Our main character, and the compiler of the documents which form the text, is Bee Branch, fifteen-year-old prodigy and daughter of Elgin Branch, a bigshot at Microsoft, and Bernadette Fox, a former architect losing her grip on sanity. Bee shares with us the story of her mother’s plight as a disaffected person struggling with even the most basic social interactions. Bernadette’s loathing of Seattle, of the other parents at Bee’s private school, and the pointlessness of everyday life have led her to live mostly as a recluse, conducting most of her affairs with the help of an online personal assistant.

As the novel gets underway, Bee is leveraging her perfect grades to guilt trip her parents into taking her on a trip to Antarctica. The dread of taking a long sea voyage on rough waters, in close confinement with other people, is the tipping point for Bernadette, who begins behaving more and more erratically, provoking pernicious gossip among the parents at Bee’s school. Two of these parents, Audrey Griffin and Soo-Lin Lee-Segal, trade jokes at Bernadette’s expense while they serve as queen bees of the private school’s parent set. Semple’s narrative eventually envelops both of them as well, in ways that are sympathetic and understanding.

There’s a lot going on in Where’d You Go, Bernadette? but Semple handles it all so gracefully that the whole thing seems quite natural. Semple is an agile mimic and deftly paces the revelations that make her novel so gripping. The truths about Bernadette’s past failures and of Bee’s birth are moving and real.

This is a remarkable novel that will delight and devastate all but the most heartless of readers.

Wednesday, January 23, 2013

The Crying of Lot 49

The Crying of Lot 49 is the work of a petulant genius, someone for whom the run-of-the-mill literary formats are too simplistic. Pynchon reacts violently against convention and ordinariness, inviting the reader to look inside his overly-active mind and staggering talents as he name drops obscure historical incidents, abstruse scientific concepts, and bewildering philosophical arguments. He also composes plausible pop songs about pedophilia and an intricately plotted Jacobean drama.

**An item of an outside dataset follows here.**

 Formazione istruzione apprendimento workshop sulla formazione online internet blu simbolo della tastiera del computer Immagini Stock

All of that sounds like it might be a lot of fun, but Pynchon's genius is, in this outing, too much of the smug, superior kind that doesn't particularly care if your having nearly as much fun as he is. Plot and character may seem like proletarian concerns to a mind like Pynchon's, but their absence from this narrative makes the whole thing jarringly pointless and rather juvenile when you come right down to it.

The Crying of Lot 49 is the story of Oedipa Maas, a bored housewife who is named co-executor of the estate of her ex-boyfriend Pierce Inverarity. (If these names strike you as too implausible, I implore you to stay away from Pynchon.) As Oedipa strives to sort out Pierce's holdings, she becomes ensnared in a historical conspiracy with the goal of subverting governmental postal services, with roots stretching to the fifteenth century.

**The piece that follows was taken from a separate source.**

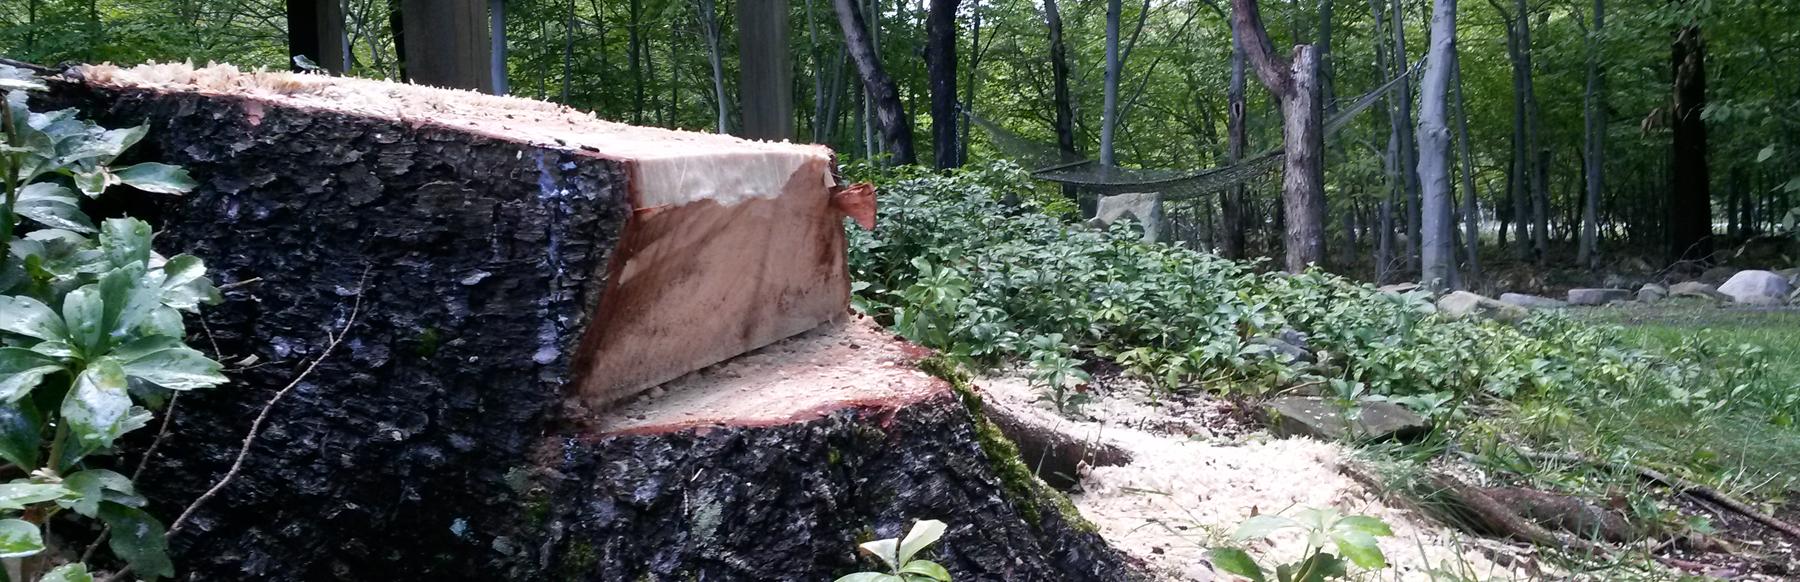 Tree Removal - Tobyhanna PA

The conspiracy is known as the Tristero, and it's symbol of a muted horn (the image on the cover above) begins to haunt Oedipa, following her all over California. The mysterious nature of the Tristero has all the makings of an intriguing tale, but Pynchon doesn't really care about the mystery, or about Oedipa, or about you. The Tristero is just a convenient vehicle for him to flaunt his extensive knowledge.

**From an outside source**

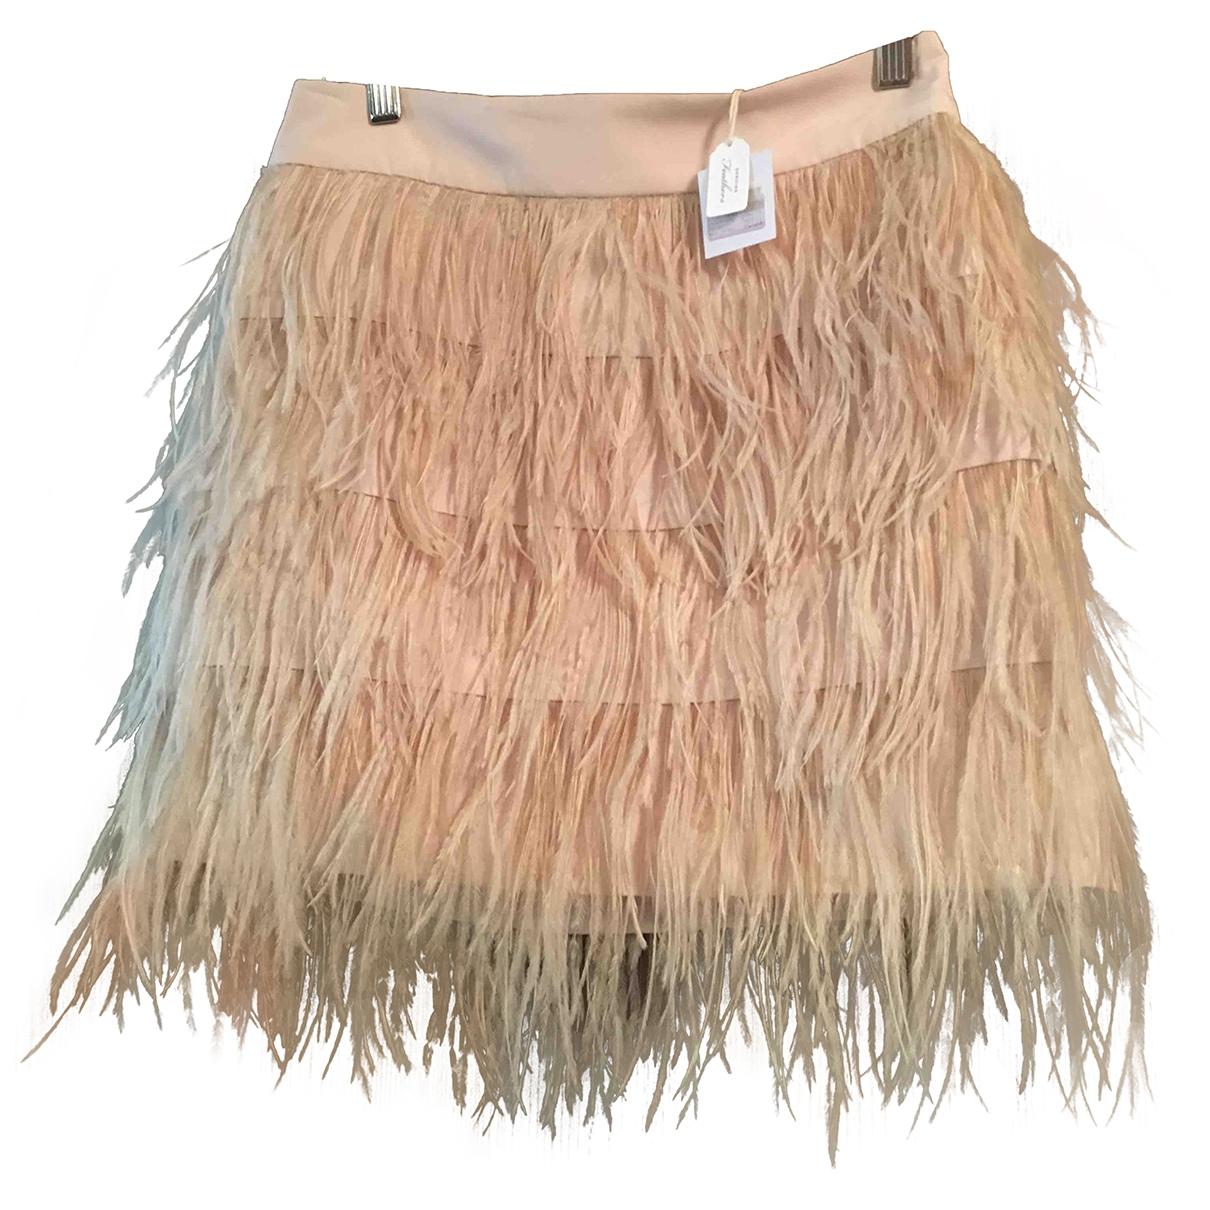 Mini falda de Seda Club Monaco

Lest you think I'm being too hard on the book, you should know that the famously reclusive Pynchon has disavowed the novel as well, saying that to him it feels like a diminished effort, as though he had unlearned the lessons of his earlier novels. Why the author's own view has not been enough to keep literary critics from overpraising this off-putting novel is a mystery much more sinister than the Tristero.